Have we missed something or got a top tip for this town? Have your say below.

11 suggestions
  • I am a 90 year old descendent of the Maliangaapa tribe of that area. My mother was born to Jack and Hannah Quayle on the 1st of May 1900 and I visit there often with some members of my family consisting of Grand and Great grand children all of whom are very interested in the history of that area.

    Harold Hunt OAM
    • Thanks Harold. I love the idea that there are people who are still so connected to the land and that they make sure future generations know the importance of that connection.

      Bruce Elder
  • My GGF, Daniel Lester Sullivan married Jane Sophia White on 1 November 1876 in Menindee. They had 10 children, 4 of whom were born in Milparinka. Elizabeth Sarah Sullivan (1886), Sarah Alice Sullivan, my GM (1889), William Henry Sullivan (1891) and Herbert J Sullivan (1896). The other 6 children were born in Wilcannia. The family lived in Wilcannia, Milparinka and White Cliffs. My GM, Sarah Alice married William Joseph Twist in 1905 in White Cliffs, they were miners there for a few years before moving on.

    Dorothy Duke
  • we are heading back to Milparinka on 31.8.19 for a night in then heading down the dog fence. love the pub there and the family been going there for 15 years. From the V8 boys

    warren
  • My father held a police court in Milparinka c1938. What a lot of gates I had to open and close on the way to Tibooburra from Broken Hill. We overnighted at Fowlers Gap, then Milparinka. The car had mica window-“glass” at sides.

    David
  • My Grandfather Harry Blore would be so proud to know that all his work restoring the police station and courthouse paid off and people are still visiting. I am also extremely proud of his achievements – a Hard Man from a Hard Land. Brilliant Bushman. Thanks Guys

    Anthony Blore
  • My grandmother, Sarah Alice Sullivan, and some of her siblings were born in Milparinka. Nan was born on 13 March 1889.

    Dorothy Duke
  • The Albert Hotel has the best steak I have ever tasted.

    Michael Samson
  • Arthur W Upfield, my grandfather, based one of his most acclaimed mystery novels, (one of 35), The Sands of Windee in and around Milparinka. The book has Inspector Napoleone Bonaparte, aka, Bony solving one of his most challenging murder mysteries.

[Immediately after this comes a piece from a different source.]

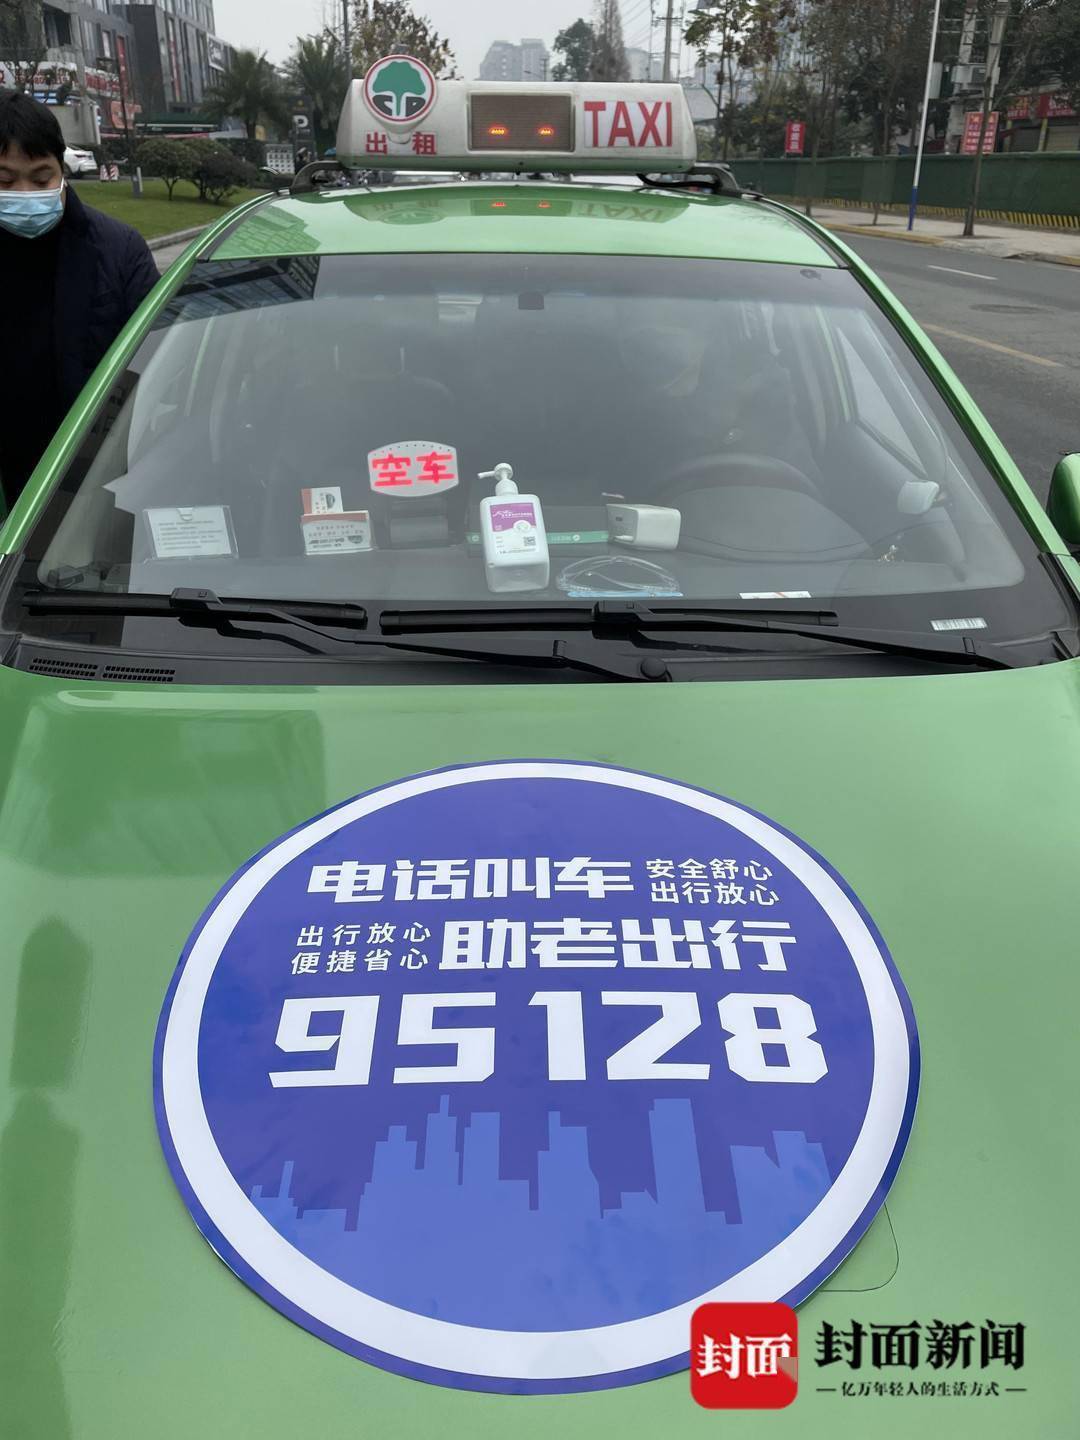 成都市95128出租车约车服务电话正式开通助力老年人出行

    See website: http://www.arthurupfield.com.au

    William A Upfield
  • My second cousin, three times removed, Emily Collard, married James O’Connor in 1878. In 1885 they ran the Albert Hotel. I believe they had 4 children. Emily emigrated to Australia with her sister when she was aged 17 from London. I live in the UK and would love to learn more about Emily and her family.

    5 August 2021.

    Yvonne
  • My great-great grandfather’s sons, Selma and Carl Heuzenroeder traveled to Milparinka from Wilcannia early in 1880 and set up a grocery and drapery business. I believe they pegged out the first block in Milparinka on which they built a house and shop. Selma married Sopia Hill in 1885 at Milparinga.